**INFORMATION PROVIDED**

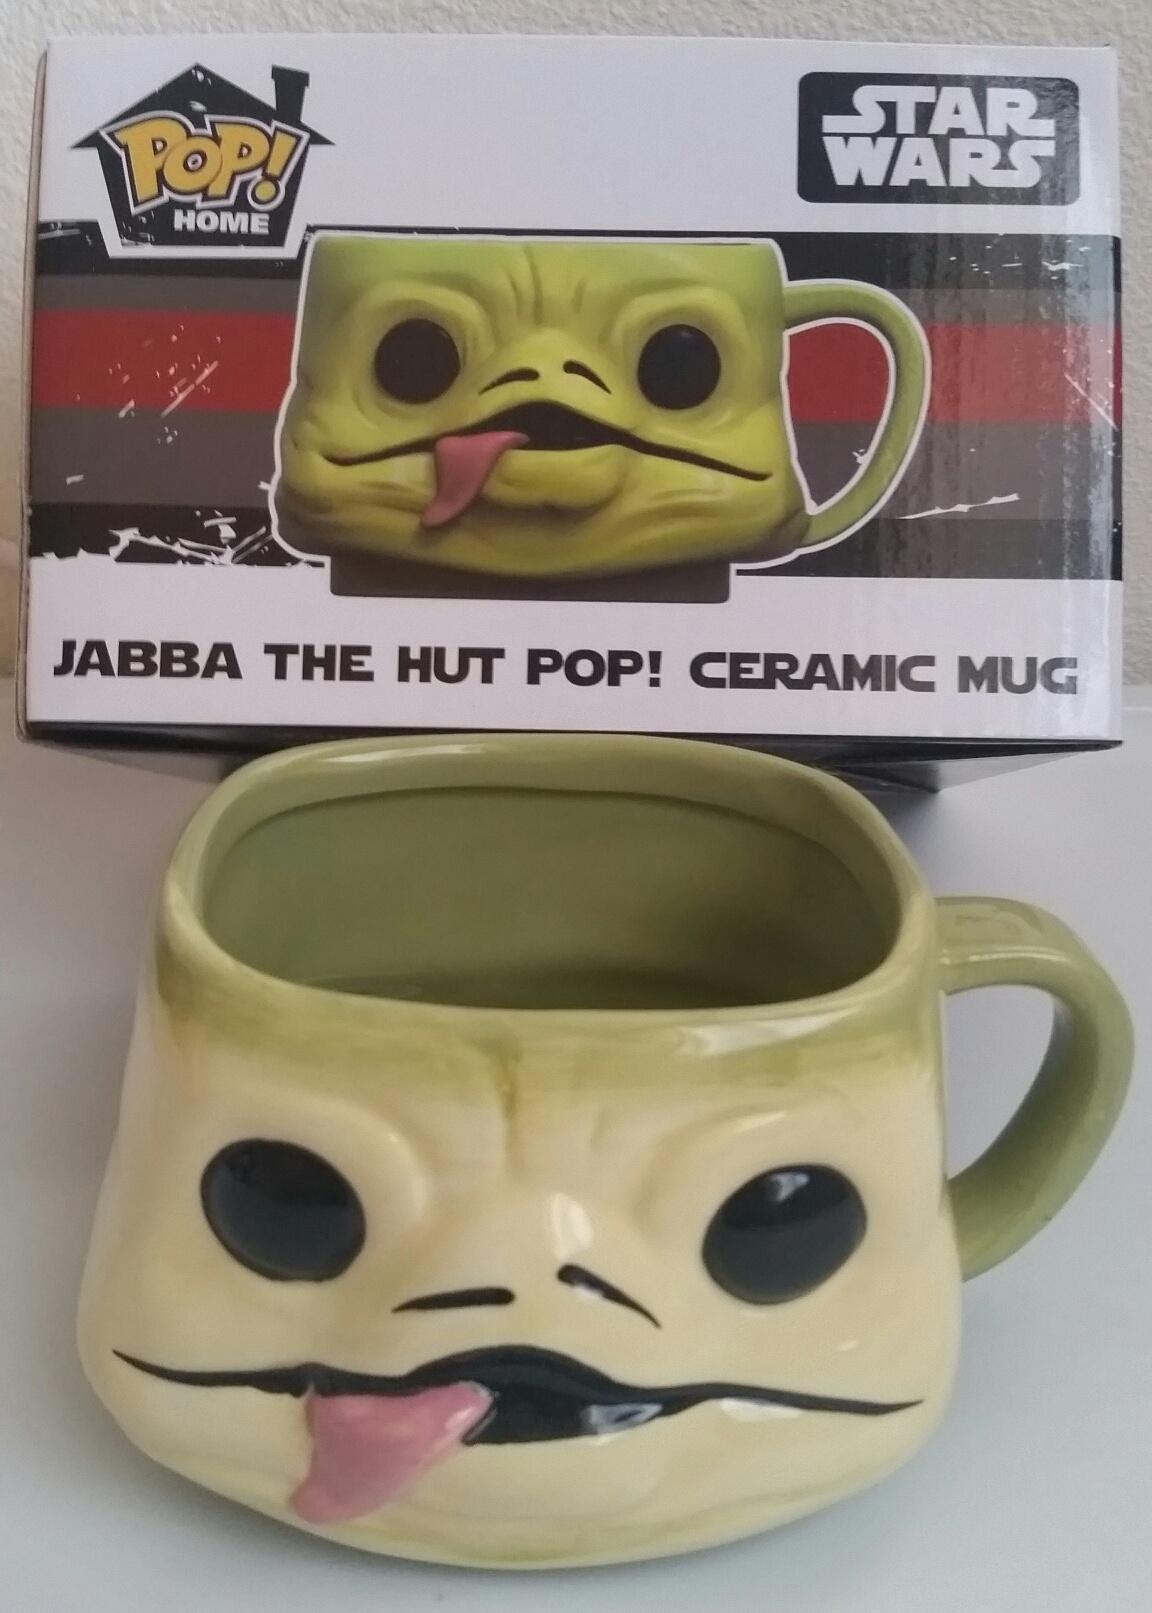 Jabba Pop! Home mug
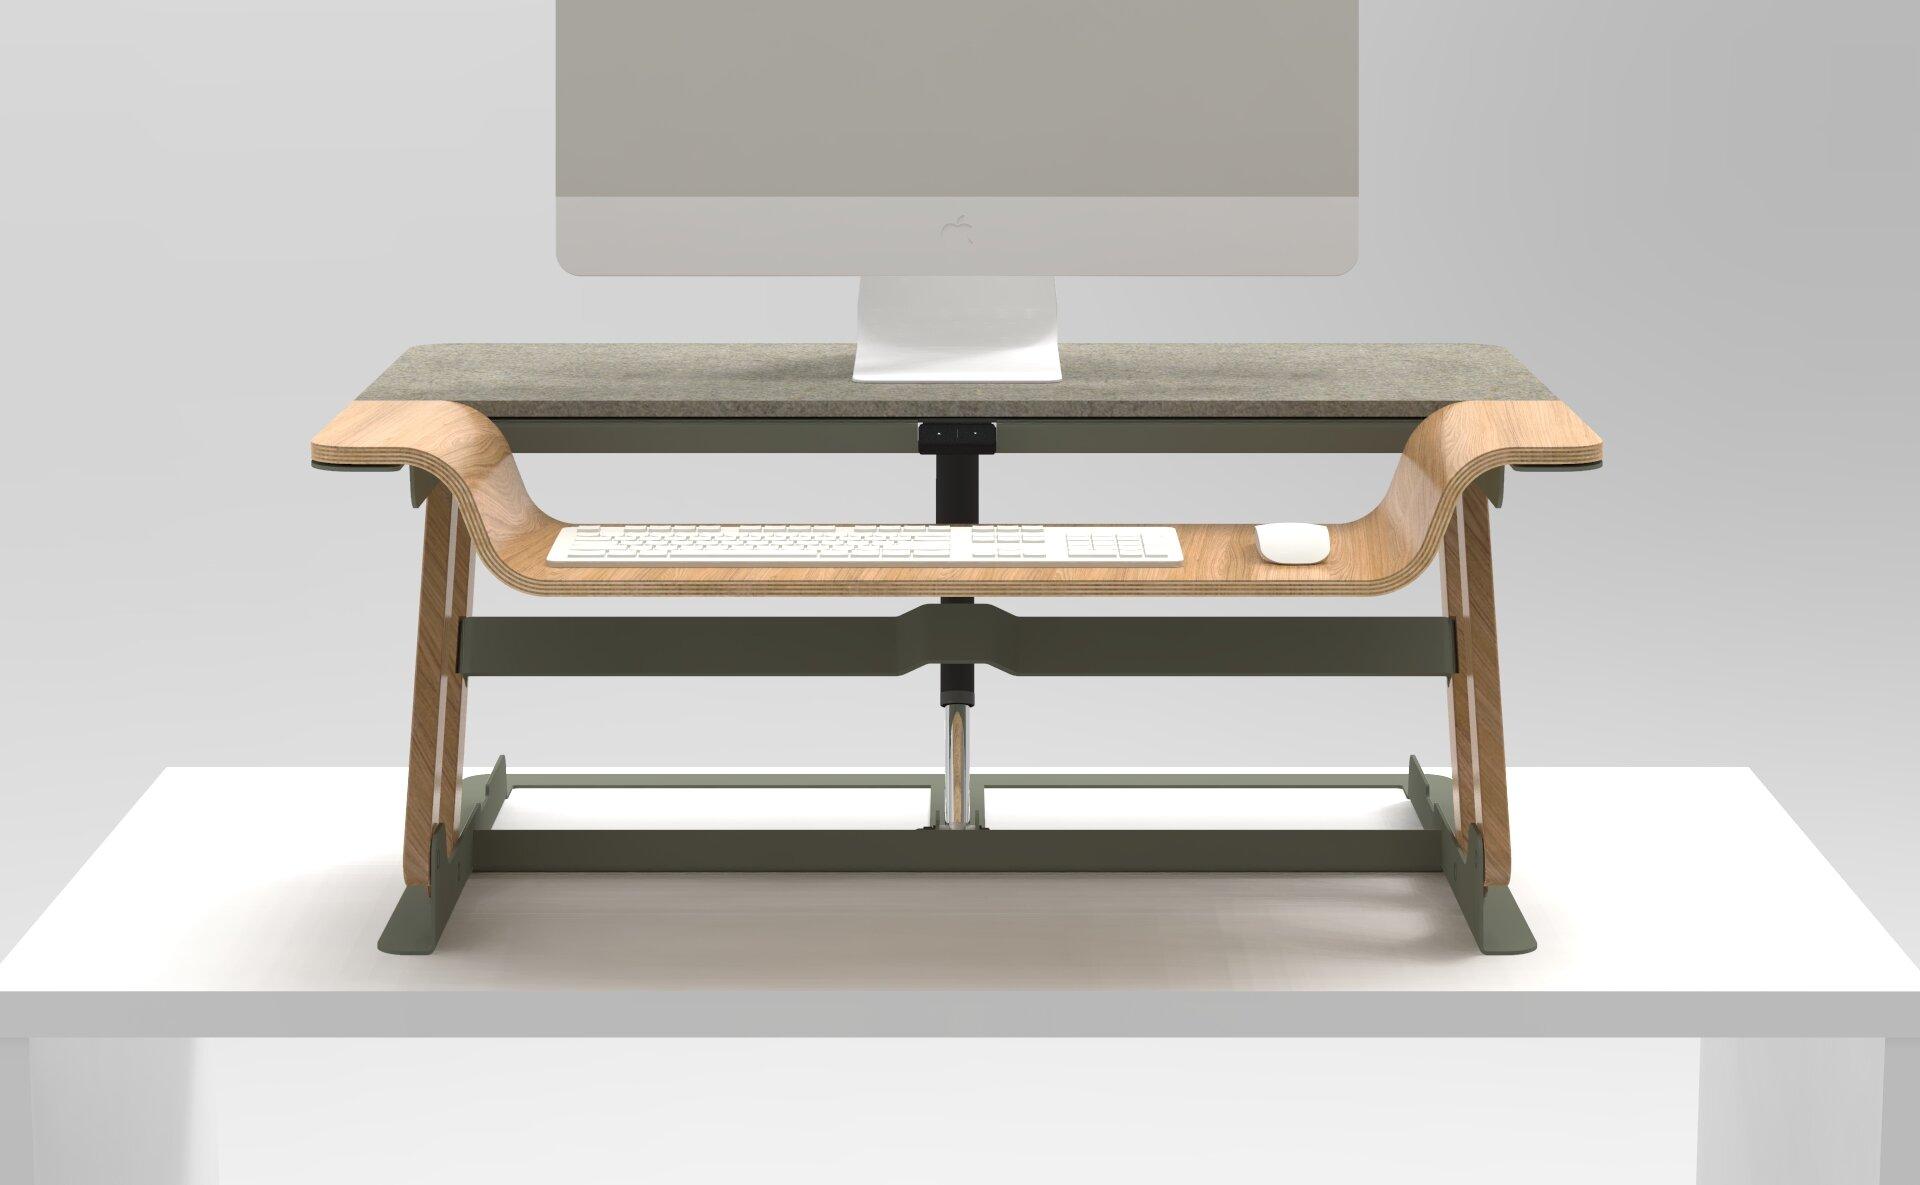 Artisan Desk Adaptor Projects Presentation Isometric View
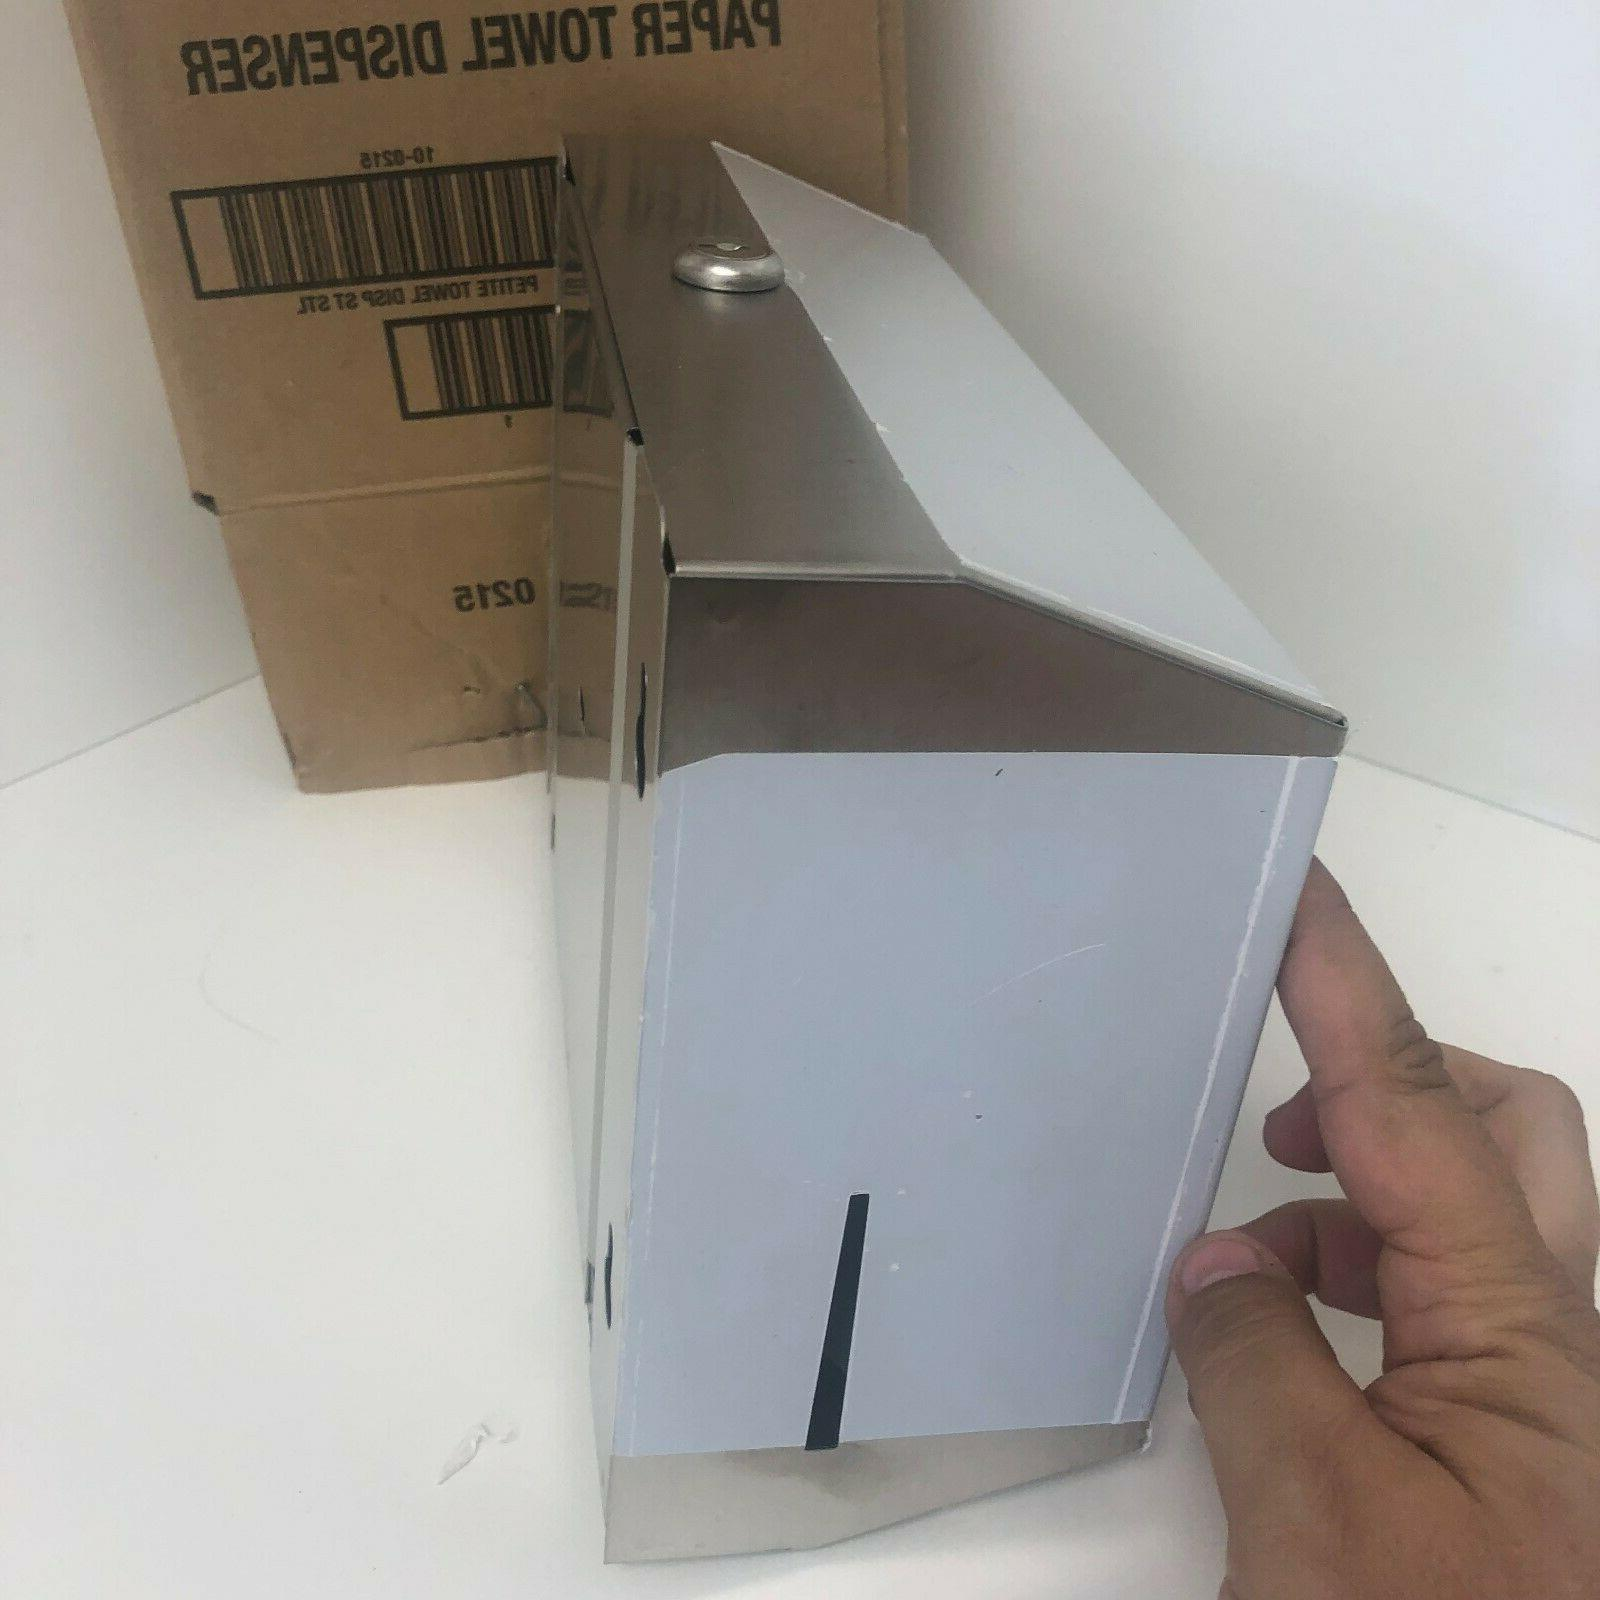 ASI 0215 Dispenser, Mounted, C-Fold or Multi-Fold

**WHAT IS NEEDED**
Exact copy, no images: rewrite the entire listing above.

**RESPONSE BELOW**
 Jabba Pop! Home mug
 Artisan Desk Adaptor Projects Presentation Isometric View
 ASI 0215 Dispenser, Mounted, C-Fold or Multi-Fold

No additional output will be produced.